**Task requirements**
All the lines below should appear again unchanged, though their pictures should not.

**Data extract**
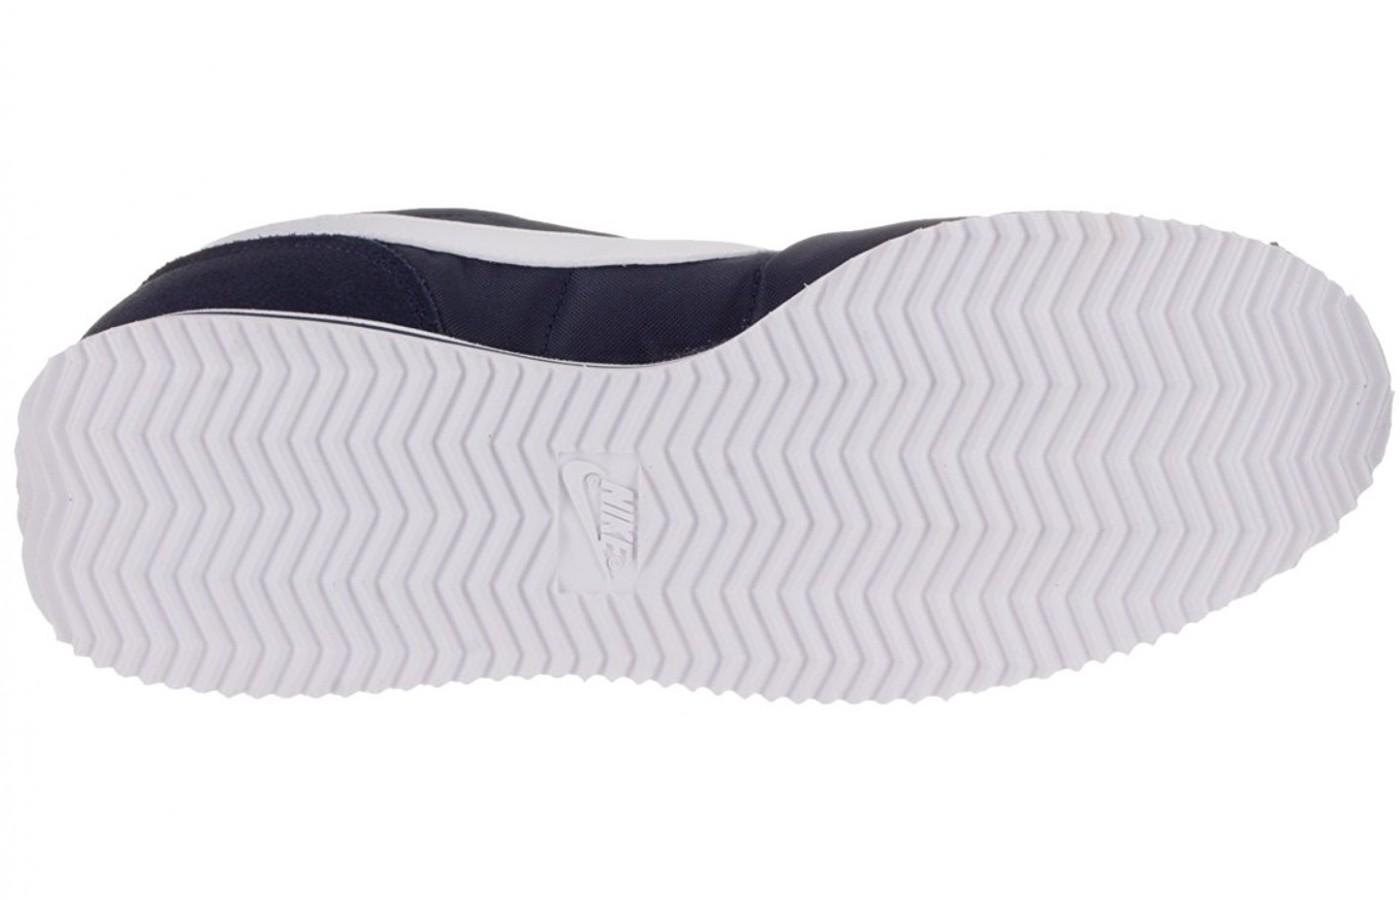 Full view of the Herringbone pattern on the Nike Cortez
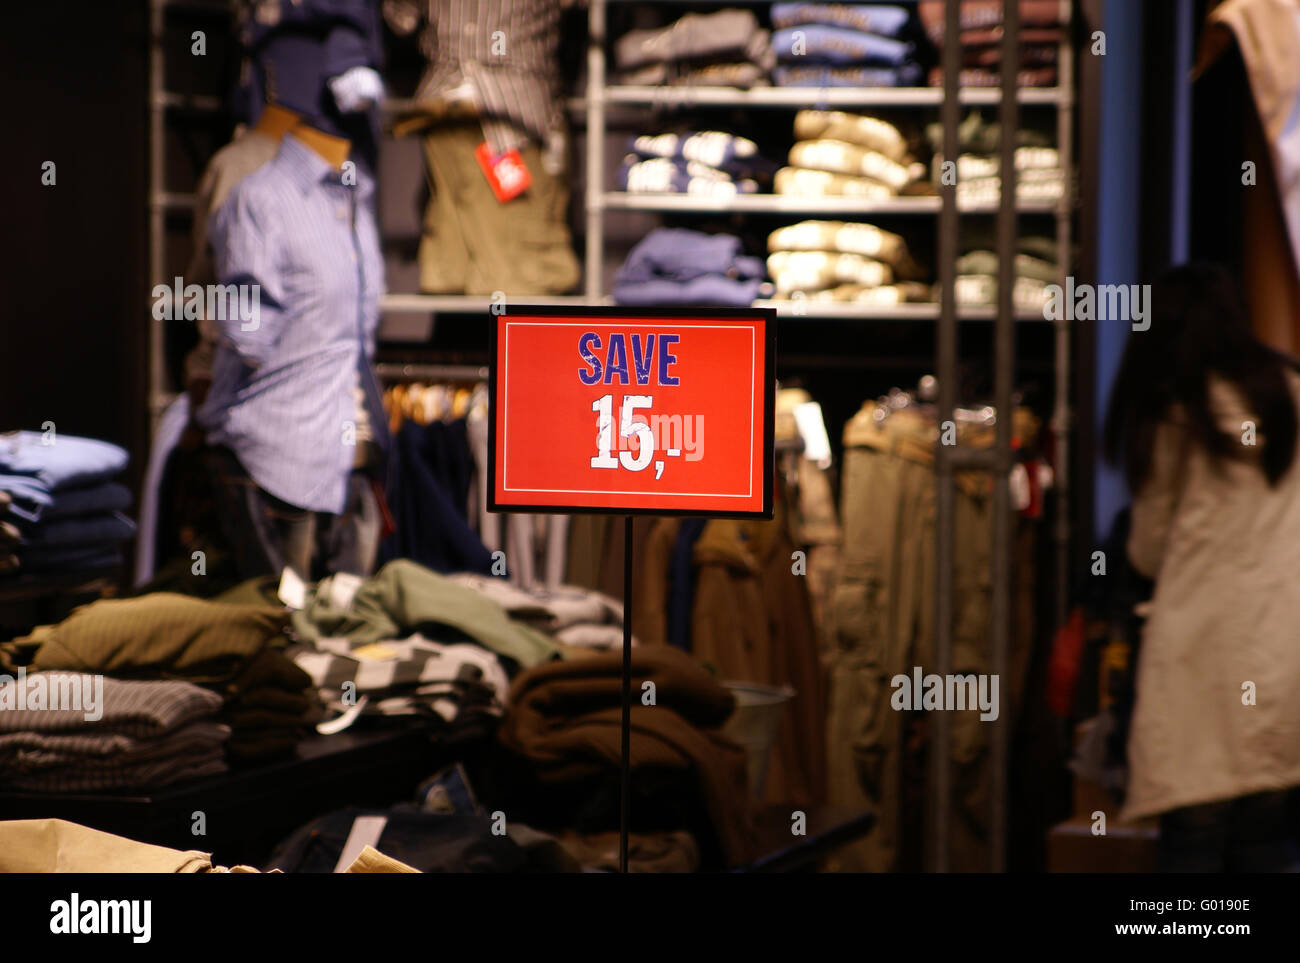 Save - Stock Image
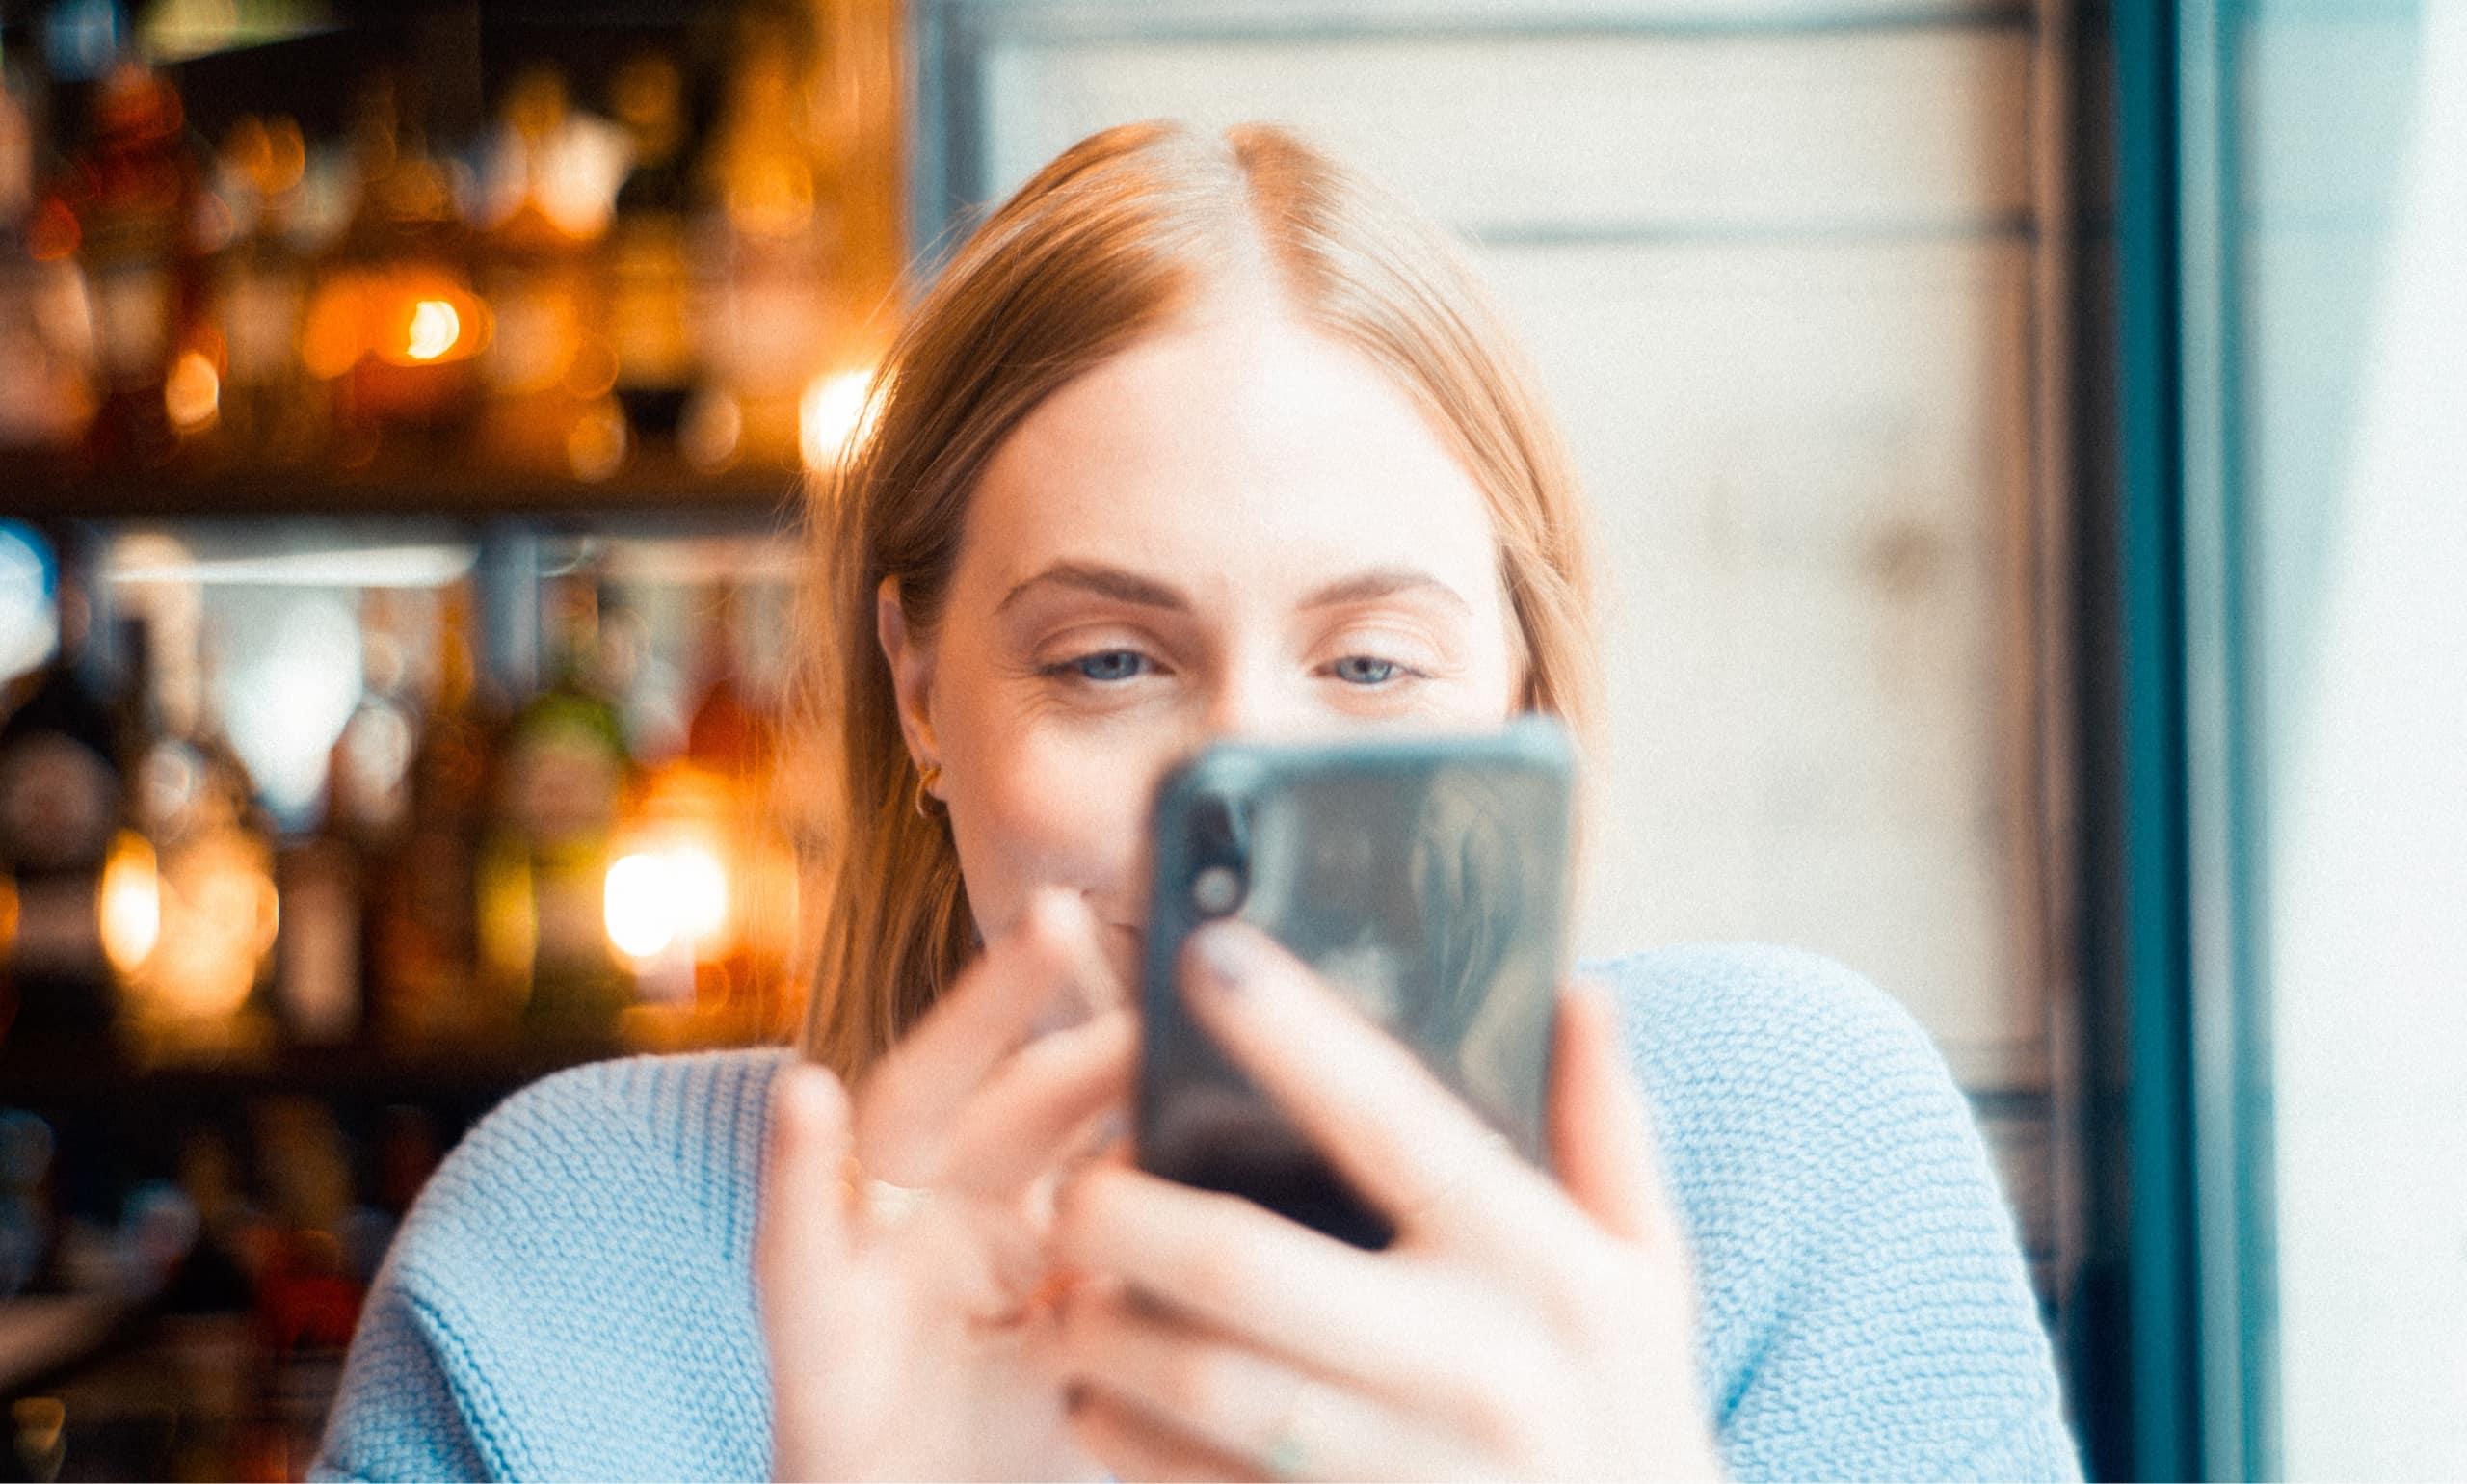 jeune femme utilisatn son téléphone portable

**Answer**
 Full view of the Herringbone pattern on the Nike Cortez
 Save - Stock Image
 jeune femme utilisatn son téléphone portable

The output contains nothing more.